After some joking back-and-forth regarding JoHenRo’s slim physique, Wyatt suggested that he go back and eat some more fried chicken. While Lon Floyd nodded approvingly from the back, every old cracka within 15 feet of the goEMAW table turned to MakeItRain, presumably to see if he was headed to the stage to end Wyatt’s tenure as Voice of the Wildcats along with his life. Of course, MakeItRain and goEMAW would expect nothing less than blatant racism from an event such as this and were simply laughing at the awkwardness.
At this point, Trim was on a steady rotation between the table, the beer stand and the pisser. Upon one of his trips back, he happened upon Currie. Time to calm some waters.

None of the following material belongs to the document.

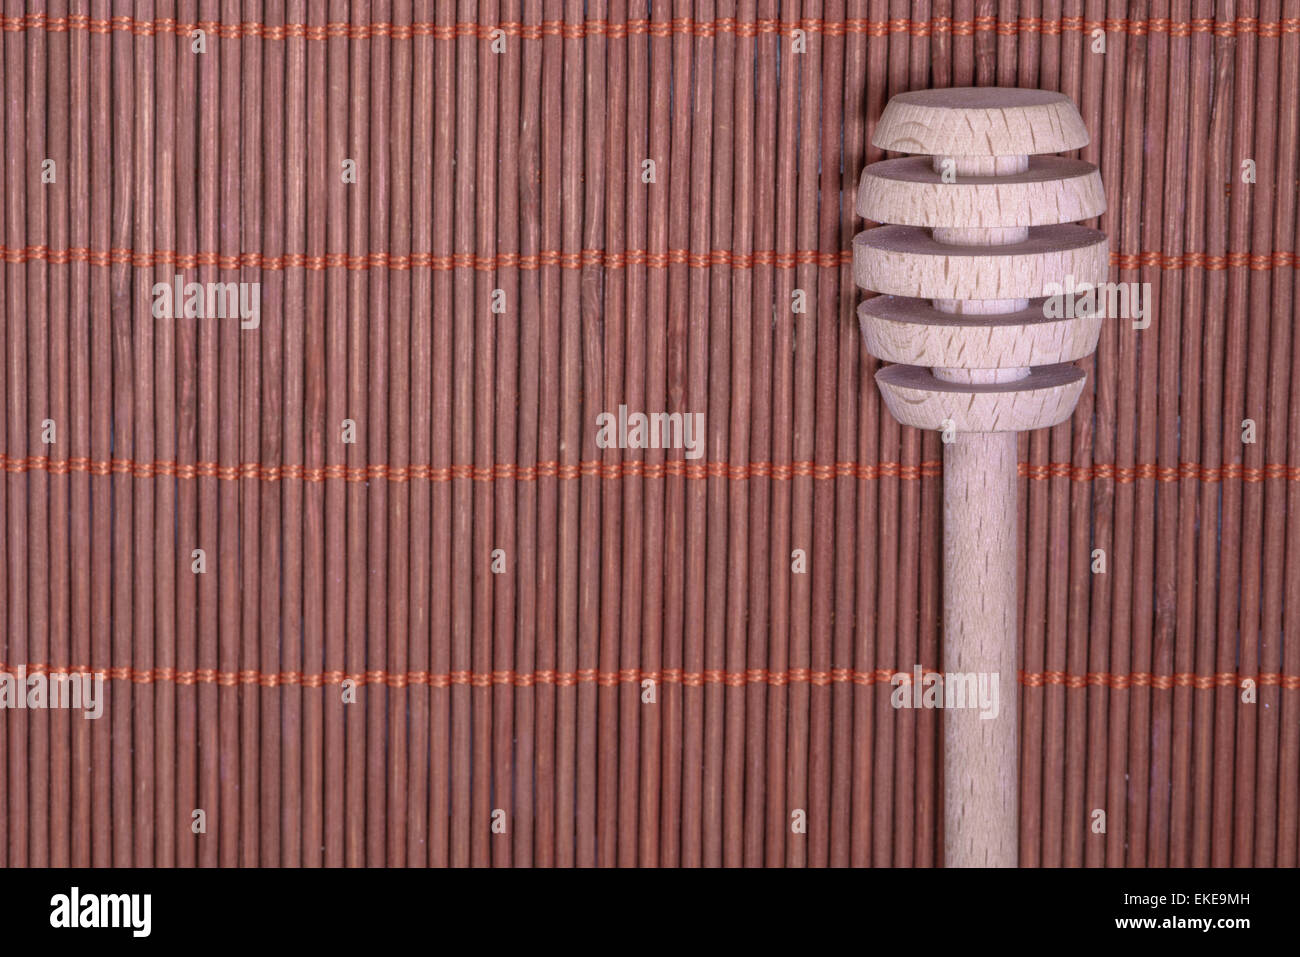 Holz-Honig-Löffel auf einem schönen geflochtenen Teppich als Hintergrund Stockfoto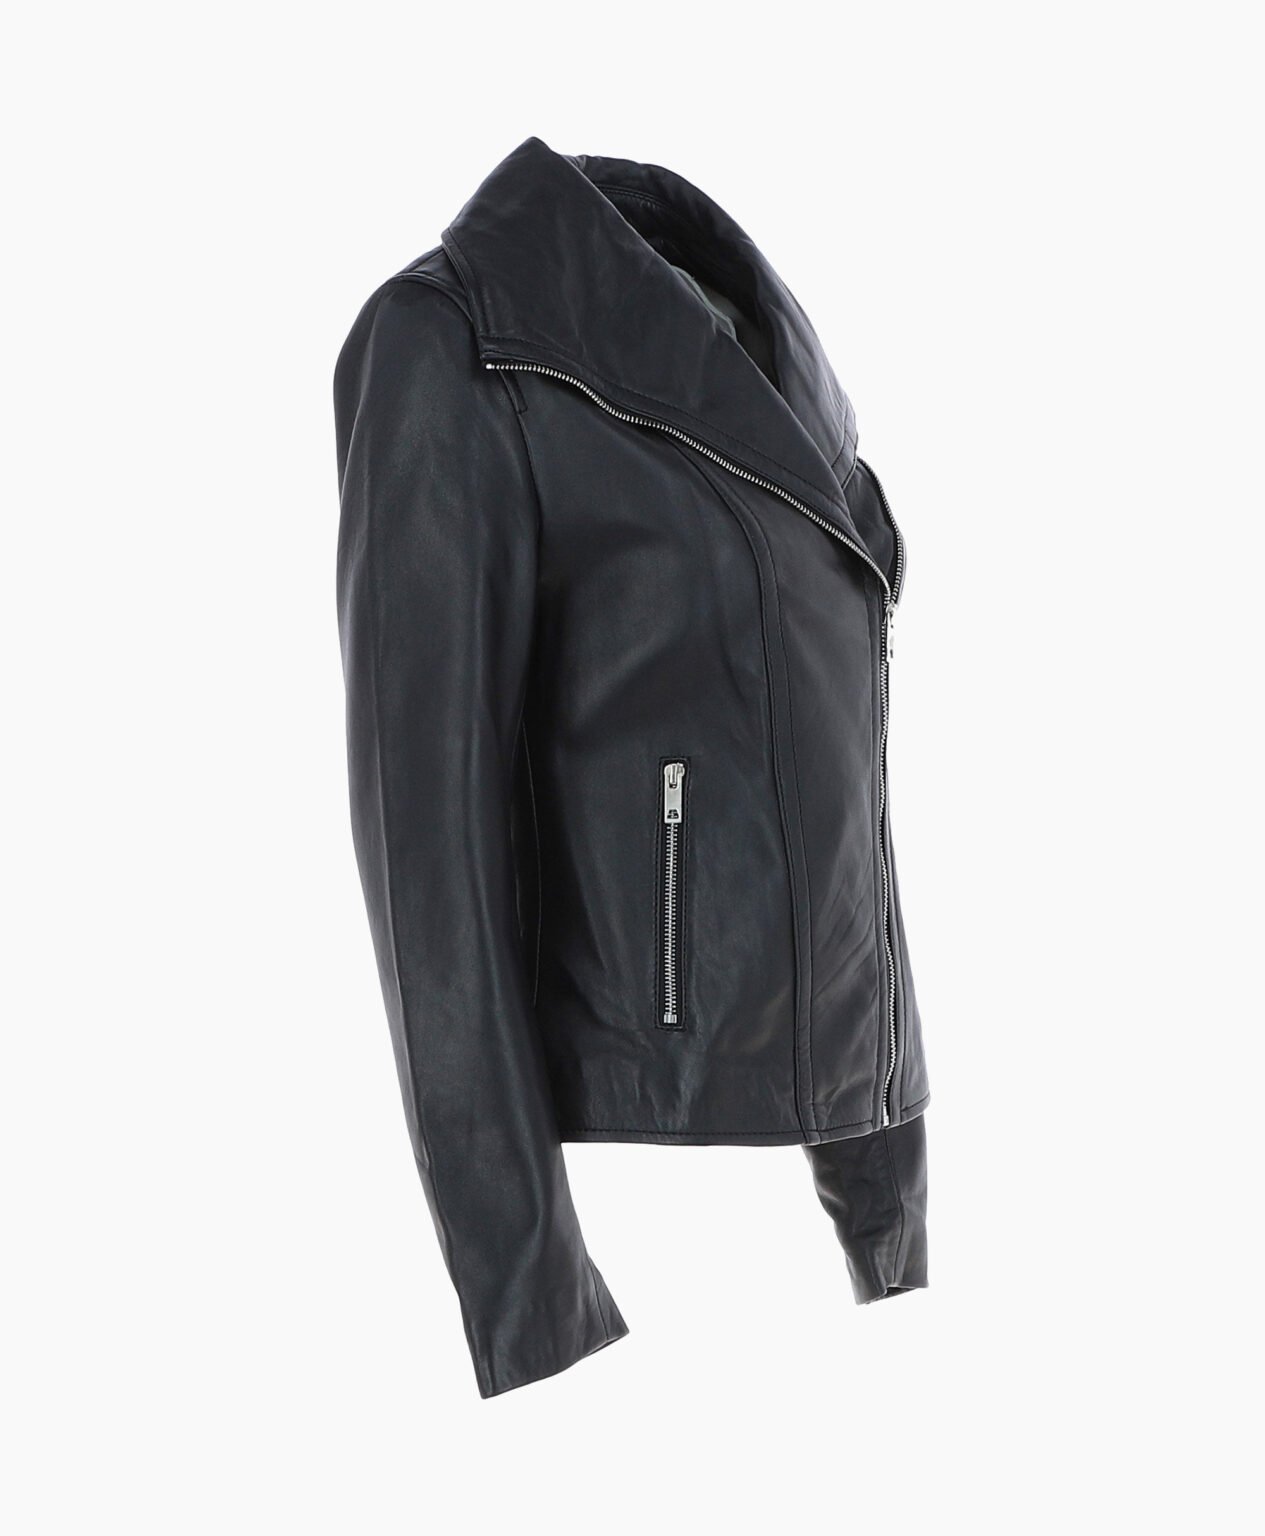 vogue-jacket-leather-jacket-fashion-collar-black-shelby-image203

Trim sidled up next to Currie and let him know that if he’s lucky, there just might be a Certificate of Participation waiting for him at the following night’s event in KC, and that had there been a gift for him as ideal as the Olive Garden gift card was for Schulz, it would have been presented already. Currie said that wouldn’t be necessary and Trim reminded him he needs to keep a sense of humor about these things. Currie agreed and hopefully in his mind crossed Trim off his People To Dax list.

Schulz eventually came back towards the area near the goEMAW table and was once again carrying his certificate and gift card! Apparently Currie only had it because Schulz told him to carry it for him. ChiCat chatted him up for a little bit and then Trim made sure Schulz knew he’d have to use the stand to display the certificate as he’d broken one of the hanging hooks trying to get the thing in the frame. Trim also said he wanted to know how many breadsticks Schulz ate when he used the gift card. Schulz stated he was done tweeting about the Olive Garden, but would make an exception for goEMAW.
OB gave an unmemorable speech, which Trim used as an opportunity to ICE an Athletic Department staffer who lurks on goEMAW but refused to reveal his name. Eventually the kid retreated to the back (the back of the room, not the place where people kill themselves) and took the grape ICE. chum1 has gone to great lengths to protect this bro’s identity by concealing even his clothing from the evening, although the all-purple business casual would not have been a bad choice.
At some point, OB stopped talking and the program ended. MakeItRain approached JoHenRo to get his take on Wyatt going opcat on him. JoHenRo took the high road. Eventually the subject turned to food. JoHenRo mentioned digging Big D’s in Manhattan but was less than enthused about the $8 price tag there. Trim suggested he go to Houlihan’s in the future, drop some elite names and get some free apps. JoHenRo eventually realized he was dealing with some Section 17ers and requested that a Panama flag be put on display this upcoming season.
goEMAW picked up some KSTATEO posters on the way out and celebrated a job well done in Old Town into the wee hours of the night. The night ended with Trim staring blankly at the food he and ChiCat ordered from Old Chicago, before he threw some twenties on the table and stormed out. Nobody was choked.



Absolutely amazing. The KC Catbackers (aka The Big KC Suck) are no longer visible in the Wichita Catbackers’ rear view mirror.
wow.
I am ashamed to be part of the (cough, cough) KC EMAW contingent. Tears in my eyes as I read this….
Anyone considered making some goEMAW “17′ers” shirts?
Pretty sure I know such a design is available in Manhattan.